Associations Professional Development Council (2004) publication, Learn: Lead;
Succeed. This was a valuable resource that addressed the professional learning practice and
leadership of principals. The leadership policy document had been created for its combined primary and secondary membership across Australia. The council’s aim was to put
leadership development high on the agenda as a key area of school policy, focus and collegial discussion.
I had first used the publication as a scaffold in 2005, in my role as a director, to foster dialogue in my own principals’ network about leadership, succession planning, the skilling of new leaders and the culture of leadership. In posing the question as to how leadership builds professionalism and management capability, I drew on the publication to have principals consider the following questions.
• How are new leaders brought into the culture and real conversations about leadership? • How is it that you determine what it is that you need to know and be able to do in your
leadership role?
• How do you develop a school culture that makes leadership invitational, accessible and inclusive?
It was around these key questions that I framed the construction of the Ethical Decision Making Course for School Leaders in 2012–2013. The course was designed to engage participants in ongoing shared dialogue and reflection which related to the nature of their professional practice, ethics and the decision making within their schools. Learn: Lead;
Succeed remained a key document among the professional development literature I had
read and utilised during my professional career. It continued to pose the hard questions about the role played by leadership within a school organisation. The document continued to resonate with my professional practice. It addressed, in a meaningful way, leadership succession planning and how educational leaders should build appropriate professional development pathways for aspiring leaders. As Learn: Lead; Succeed revealed, such pathways can be traversed through practical experiences and real conversations. This allowed for meaningful reflection on personal practice and understandings. Scenario-based
professional learning places the learning emphasis on the shared collaborative nature of constructing knowledge, reflecting, responding to other points of view and on the development of understanding.
Much of the professional learning currently undertaken by school leaders in public schools is in the form of annual compliance training. This professional learning is designed to pass on large amounts of information that need to be disseminated to members of a school community inclusive of teaching staff, students, parents and organisations with whom the school intersects. This professional learning is primarily designed to meet government policy objectives, statutory responsibilities and legal imperatives. In areas of professional practice, inclusive of child protection, work health and safety, financial planning and teacher accreditation, the professional learning is often designed to support annual audit, compliance and accountability measures. The current era of educational reform within Australia is characterized by heightened levels of verification and accountability as school leaders undertake their demanding professional work in an era of ‘audit cultures’
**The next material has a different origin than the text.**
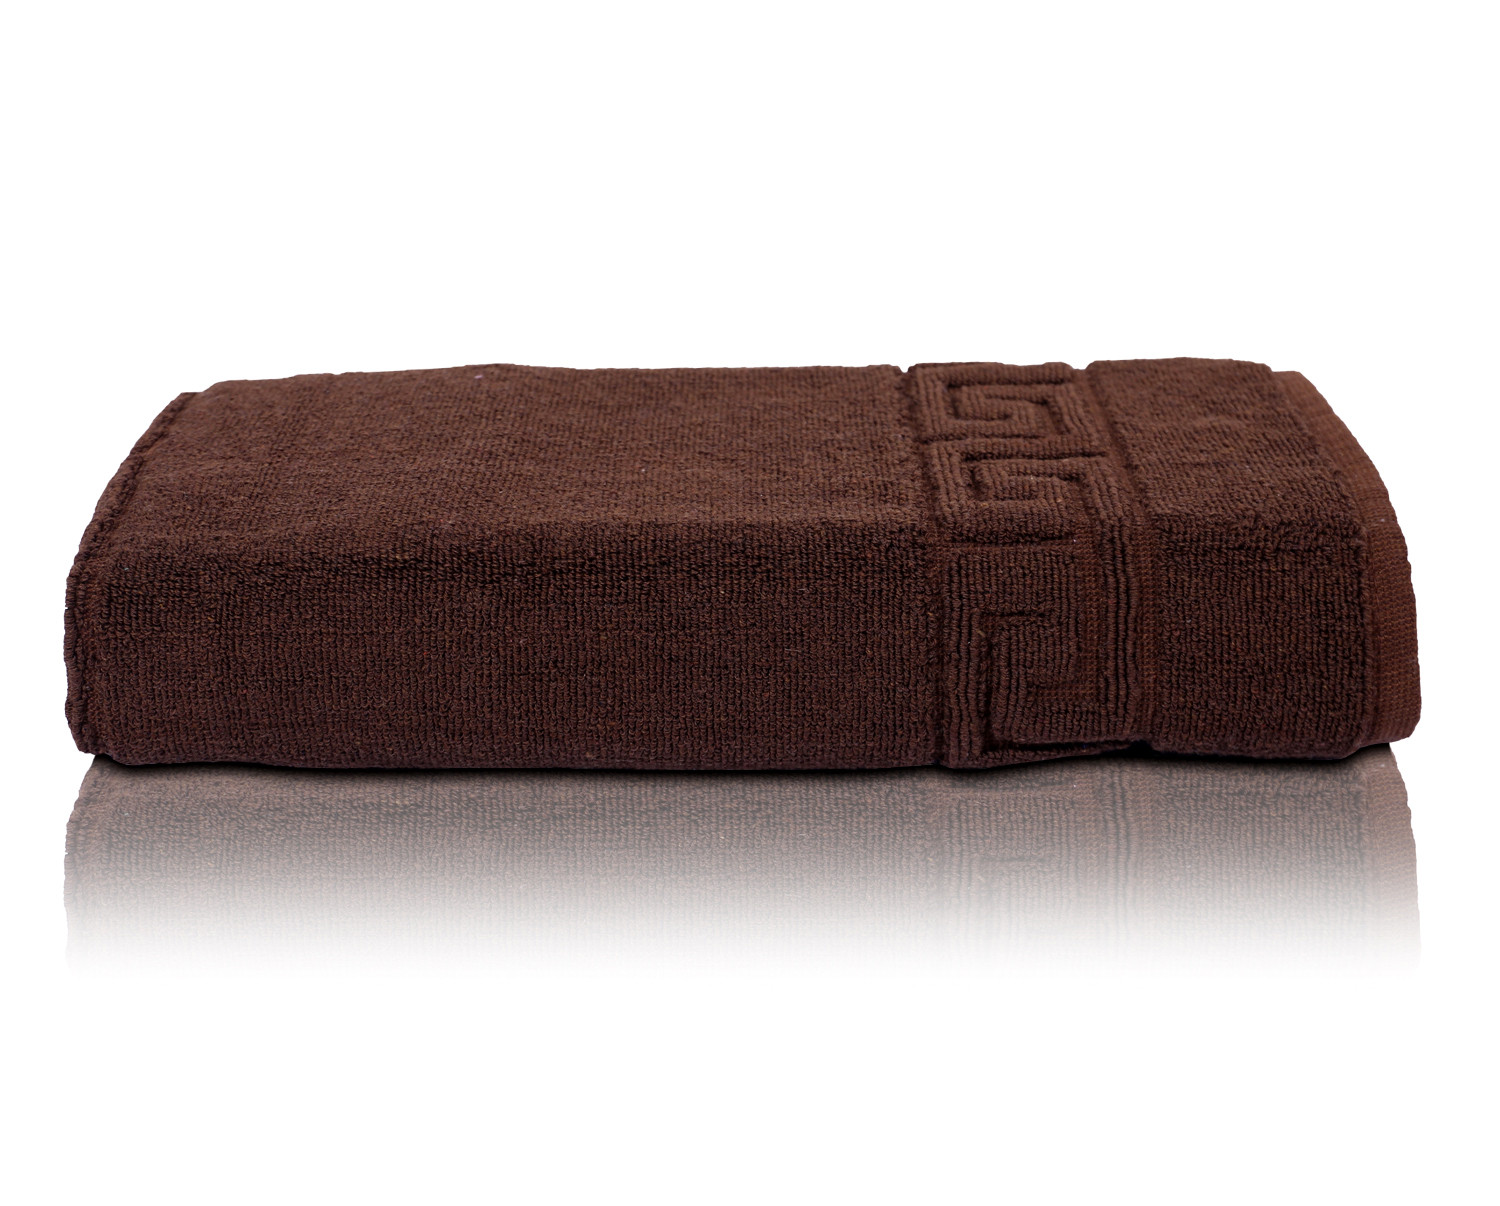 Kuber Industries Greek Design Super Absorbent Cotton 400 GSM Hand Towel|Face Towel|Bath Nets for Men,Women,Kids,30x20 Inches,(Brown)
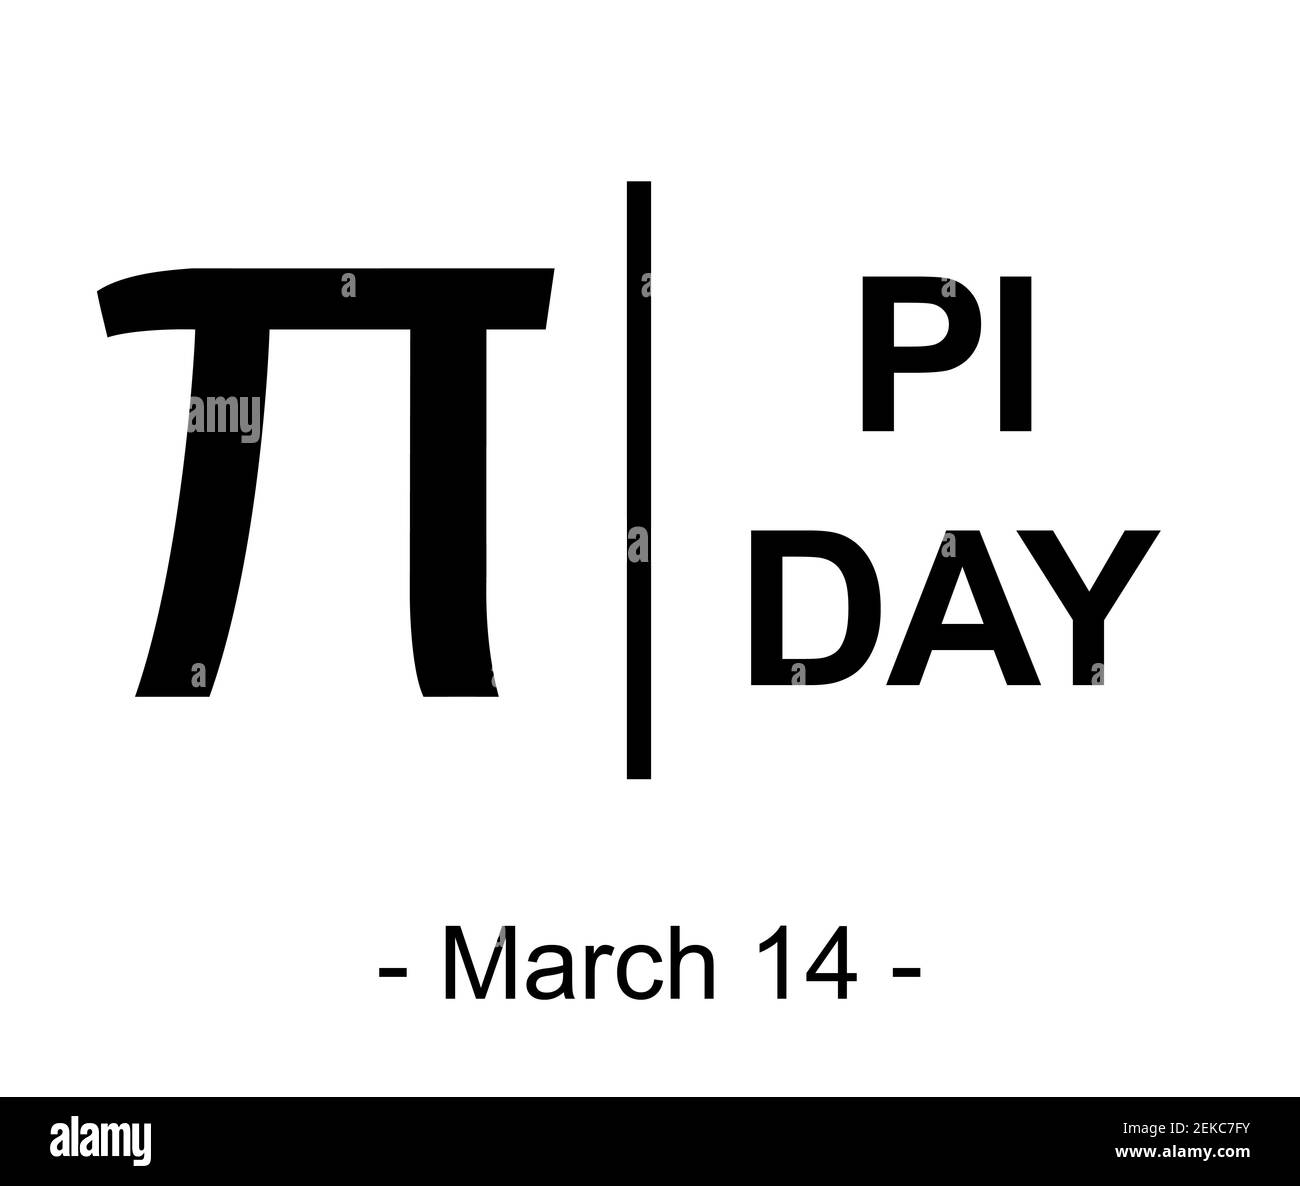 Pi Day symbol, sign, logo (3.14). Padlock design. White background. Vector illustration. March 14. Stock Photo

(Groundwater-Smith & Mockler, 2009, p. 4). 48
In developing a model of professional learning to support schools, their leaders and the next generation of leaders, I was motivated by the need to use a model that enhanced localised decision making, built skills in problem solving and increased ethical practice in the school community. This model of professional learning was not hierarchical and was removed from links to formal performance appraisal and compliance. The model was driven by principles of transformative adult learning (Mezirow, 1991) and was characterized by collaborative interaction with peers that evidenced sharing, critical thinking and reflection. The key outcome that was sought was building skills within
48 A range of key educational leadership and policy documents 2000-2015 re leadership and accountability
leaders and leadership teams to meet the complex challenges they faced as decision makers. Sally, a relieving primary principal and a participant in the Ethical Decision Making Course, noted in an interview with me how improved decision making skills ‘takes the stress away’ and commented on the value to her as a relieving school leader of sharing and reflecting. Sally viewed this as part of a collaborative process of being able to make ‘more informed decisions’ (Transcript, WS 750049, p. 5).
The comment by Sally highlights the way in which ‘stress’ can accompany the decision making processes of school leaders, especially when multiple stakeholders are involved and the issues are complex. The well-being of school leaders and the pressures they face is an area of school welfare that is now receiving more attention from research carried out within Australia (Riley and Langan-Fox, 2014; Riley, 2015). One of the supplementary research questions I posed in my Overarching Narrative was - How do leaders sustain themselves and cope with the increasing demands of their professional working lives? The model of professional learning I utilized in workshops promoted shared collaborative and reflective practices for school leaders as they dealt with complex ethical issues. At a time of significant generational change it was important for new leaders taking up their
leadership roles for the first time to be parts of networks, sharing practice, reflecting and listening to experienced colleagues.
Sally’s comments about stress also evidence a key aspect of practitioner research in capturing multiple voices, inclusive of those voices who may be unexpected or
overlooked. One researcher has refered to this process as ‘privileging the voices of those with less power’ (Mockler, 2014, p. 154). The interviews conducted with course
participants, as part of the professional learning that was undertaken, allowed me to capture the multiple voices of educational leaders at all stages of their leadership journeys.